▶ **Instructions for the task**: Once you reach the line with "OptiX RTN 360" in the material below, copy each line exactly up to and including the line with "Switch rosso", and skip the pictures.

----- Record extracts

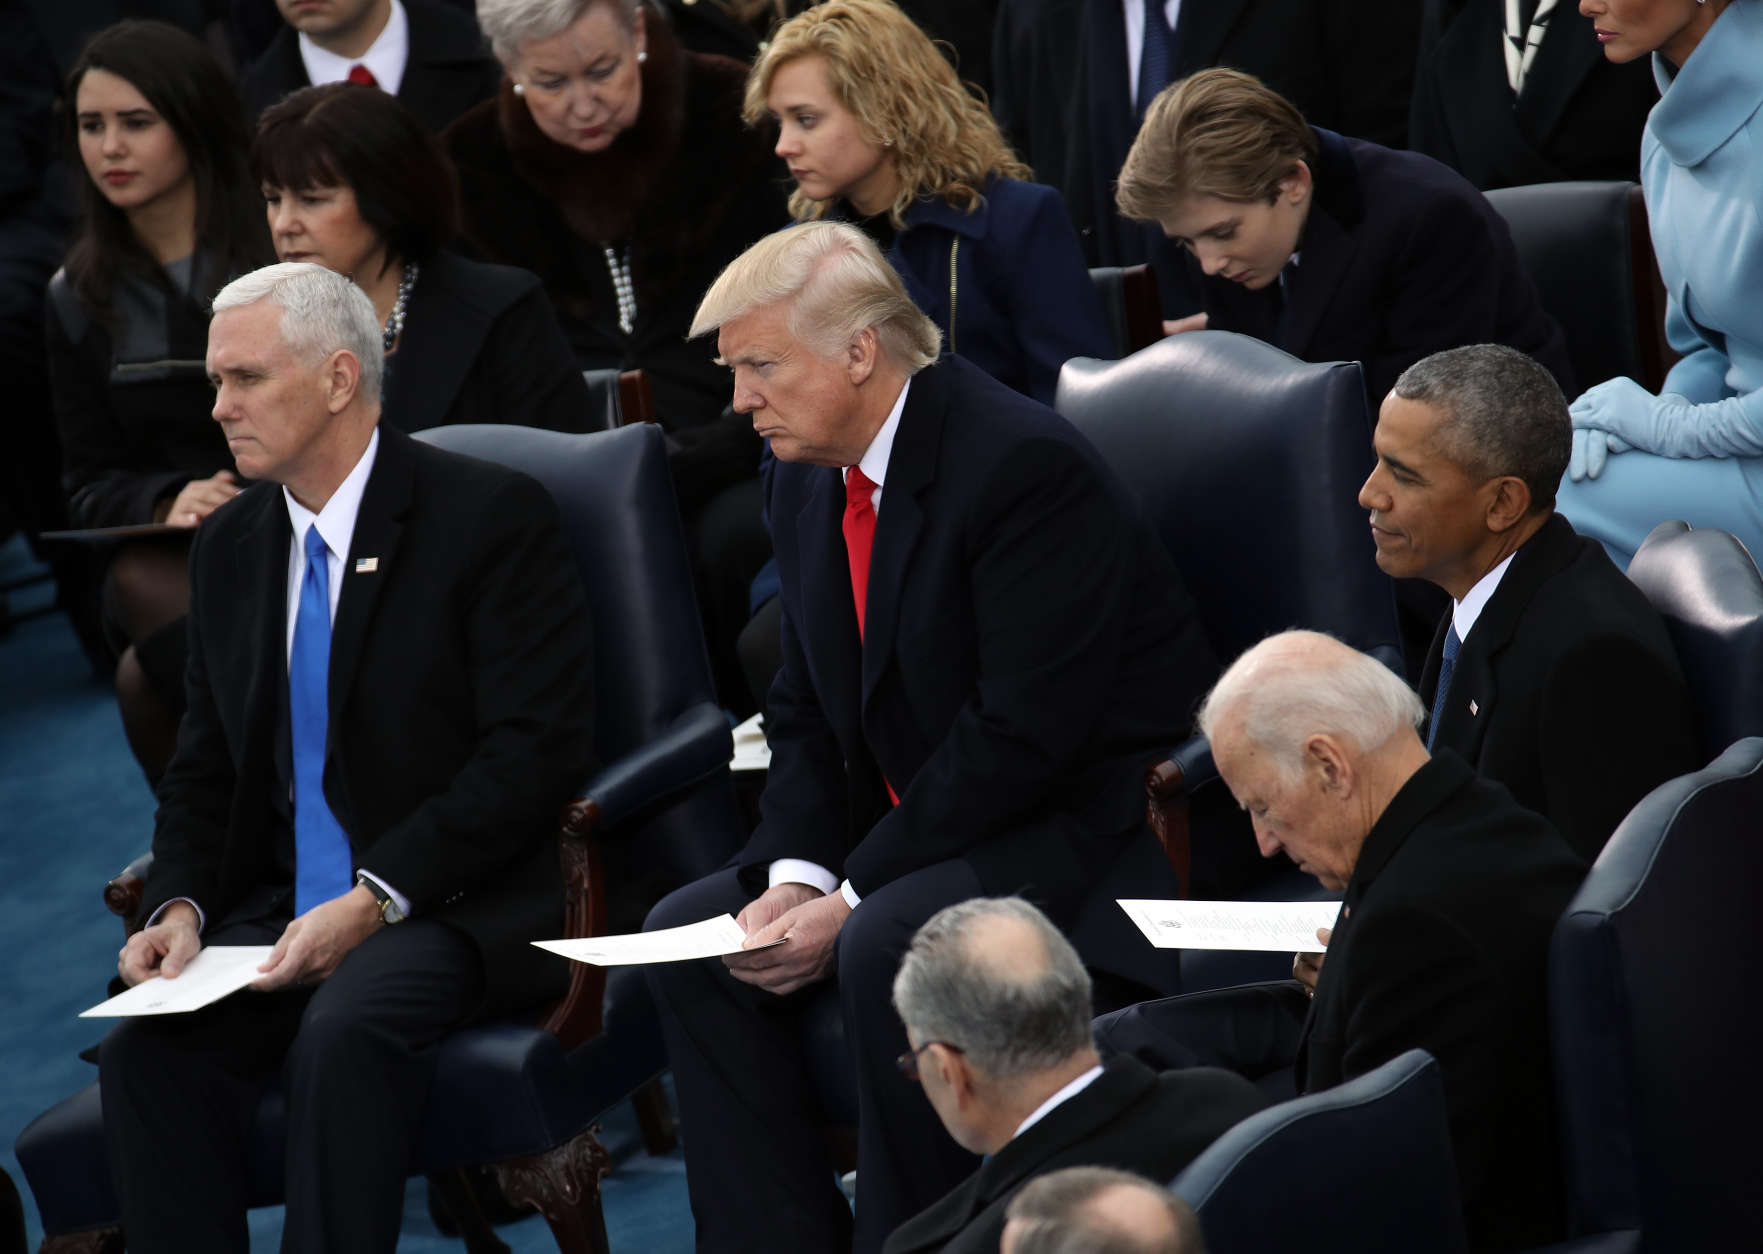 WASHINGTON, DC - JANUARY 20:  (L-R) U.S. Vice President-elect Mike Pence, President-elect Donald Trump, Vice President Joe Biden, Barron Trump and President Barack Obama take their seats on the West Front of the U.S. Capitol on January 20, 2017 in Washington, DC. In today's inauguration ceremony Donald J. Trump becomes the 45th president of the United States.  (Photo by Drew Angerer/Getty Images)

----------
----- Record extracts

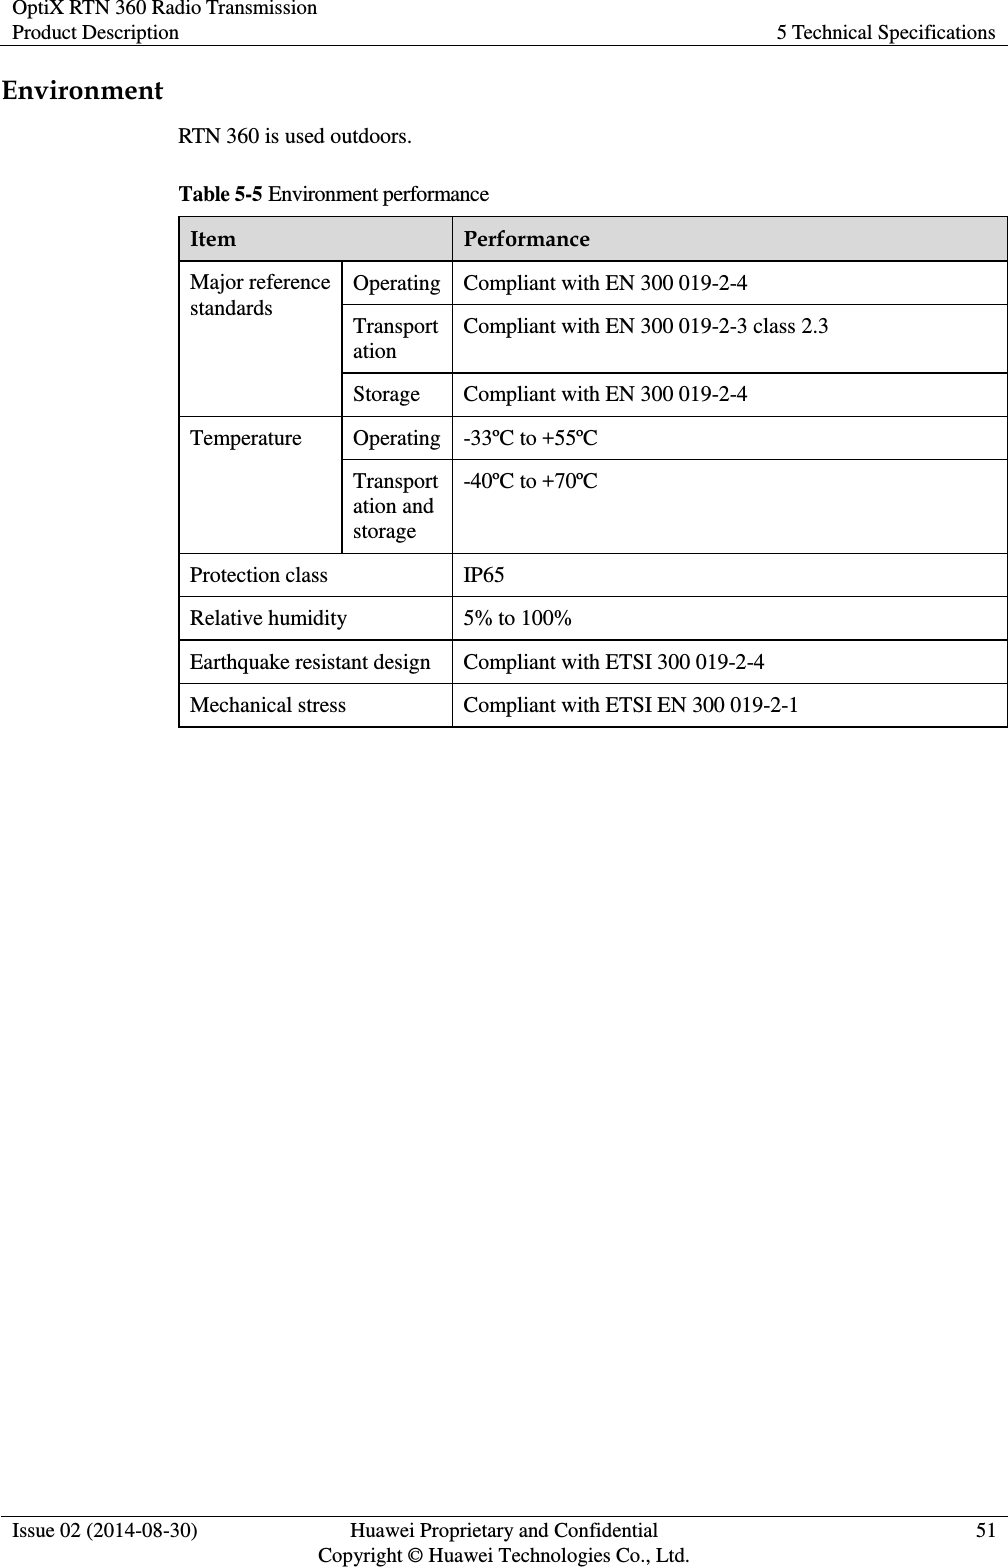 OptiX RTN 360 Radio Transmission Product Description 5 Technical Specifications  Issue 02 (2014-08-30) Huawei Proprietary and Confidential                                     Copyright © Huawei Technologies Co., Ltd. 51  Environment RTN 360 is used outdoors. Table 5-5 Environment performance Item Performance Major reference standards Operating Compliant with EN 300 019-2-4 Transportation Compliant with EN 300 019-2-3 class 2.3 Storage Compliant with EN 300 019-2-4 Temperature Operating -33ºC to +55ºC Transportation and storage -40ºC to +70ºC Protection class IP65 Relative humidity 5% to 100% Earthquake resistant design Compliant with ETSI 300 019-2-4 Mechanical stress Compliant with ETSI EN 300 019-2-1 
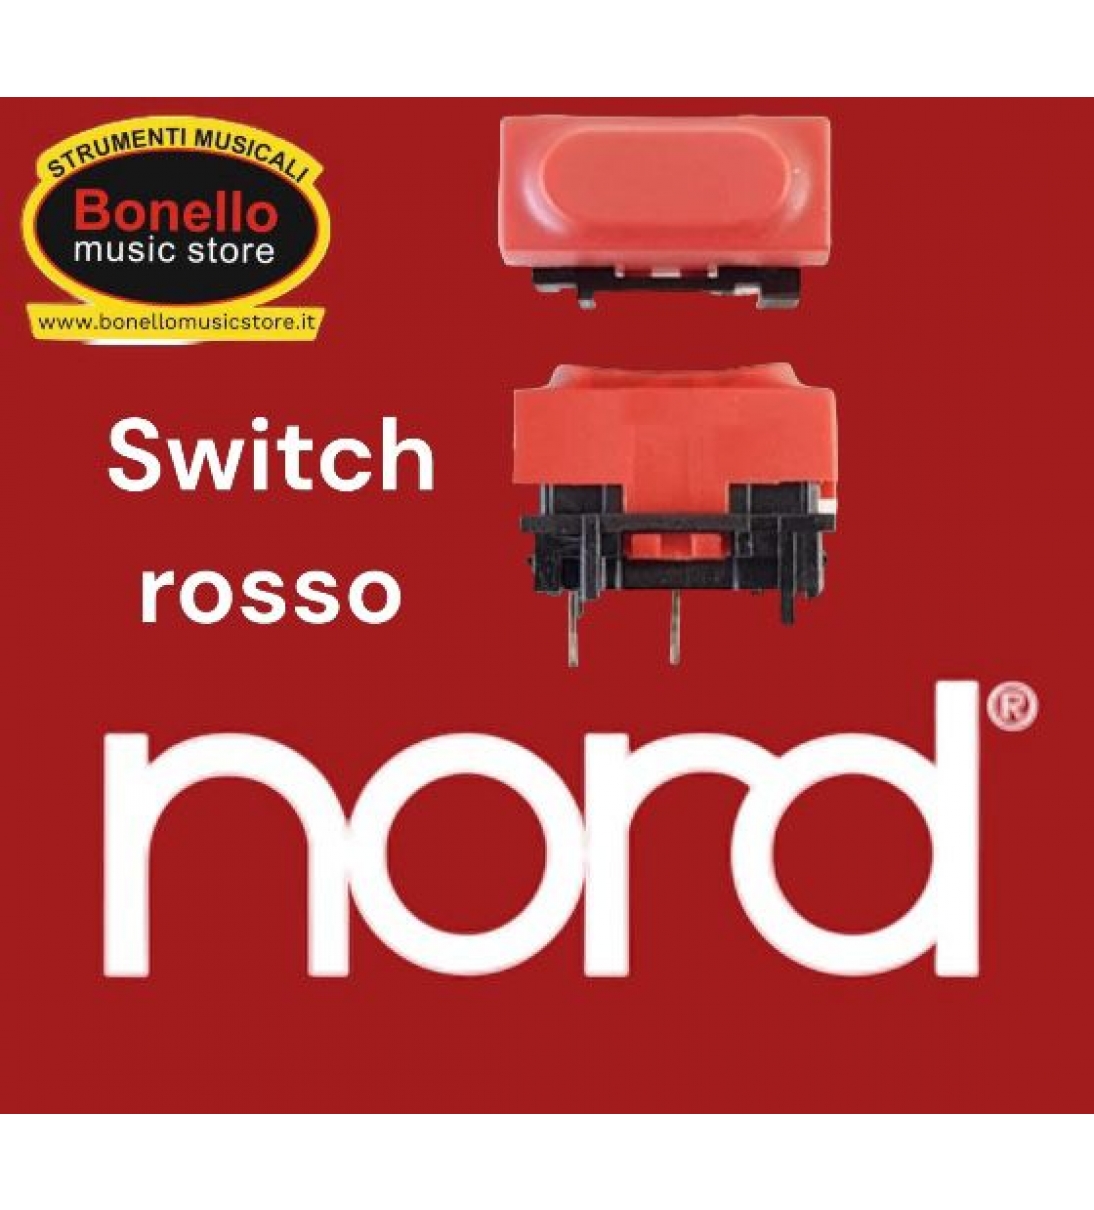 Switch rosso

----------
----- Record extracts

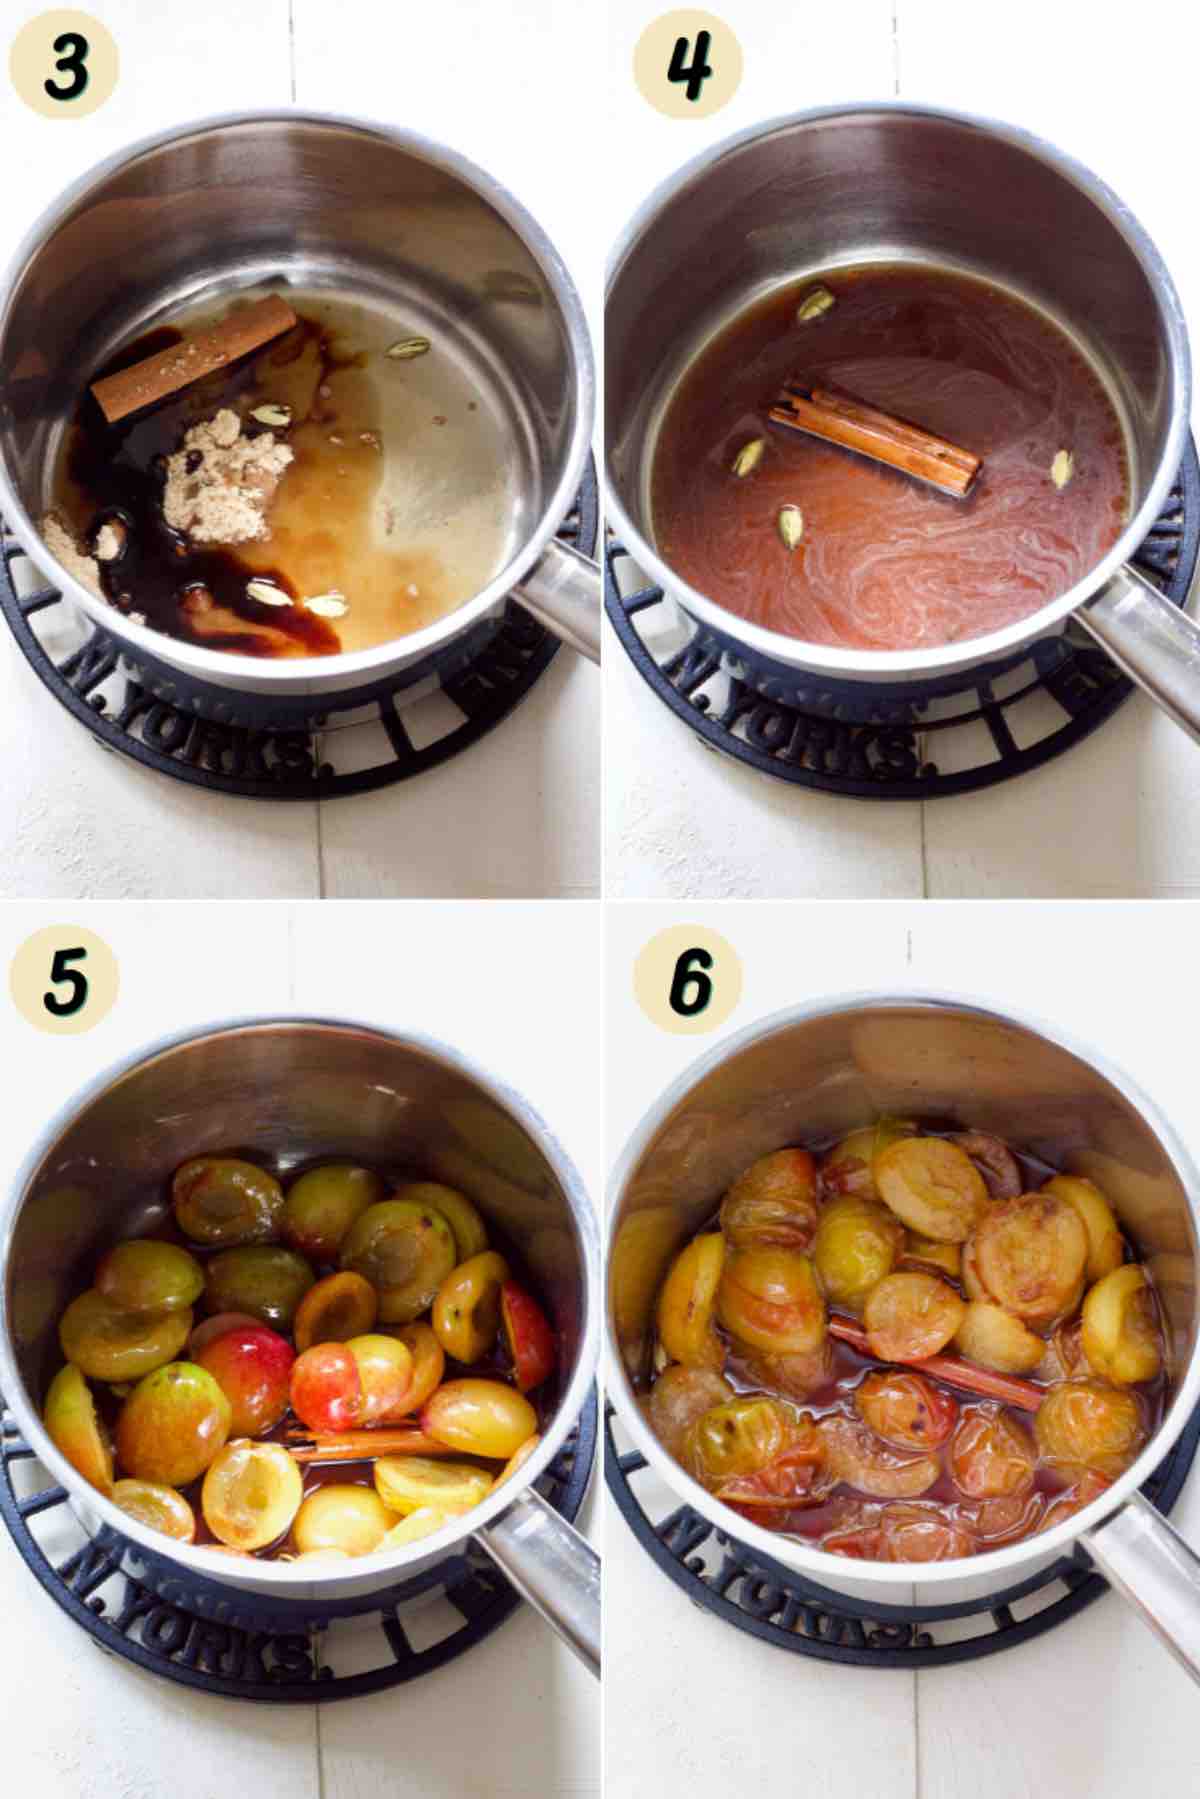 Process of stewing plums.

----------

▶ **Output of the exercise**:
 OptiX RTN 360 Radio Transmission Product Description 5 Technical Specifications  Issue 02 (2014-08-30) Huawei Proprietary and Confidential                                     Copyright © Huawei Technologies Co., Ltd. 51  Environment RTN 360 is used outdoors. Table 5-5 Environment performance Item Performance Major reference standards Operating Compliant with EN 300 019-2-4 Transportation Compliant with EN 300 019-2-3 class 2.3 Storage Compliant with EN 300 019-2-4 Temperature Operating -33ºC to +55ºC Transportation and storage -40ºC to +70ºC Protection class IP65 Relative humidity 5% to 100% Earthquake resistant design Compliant with ETSI 300 019-2-4 Mechanical stress Compliant with ETSI EN 300 019-2-1 
 Switch rosso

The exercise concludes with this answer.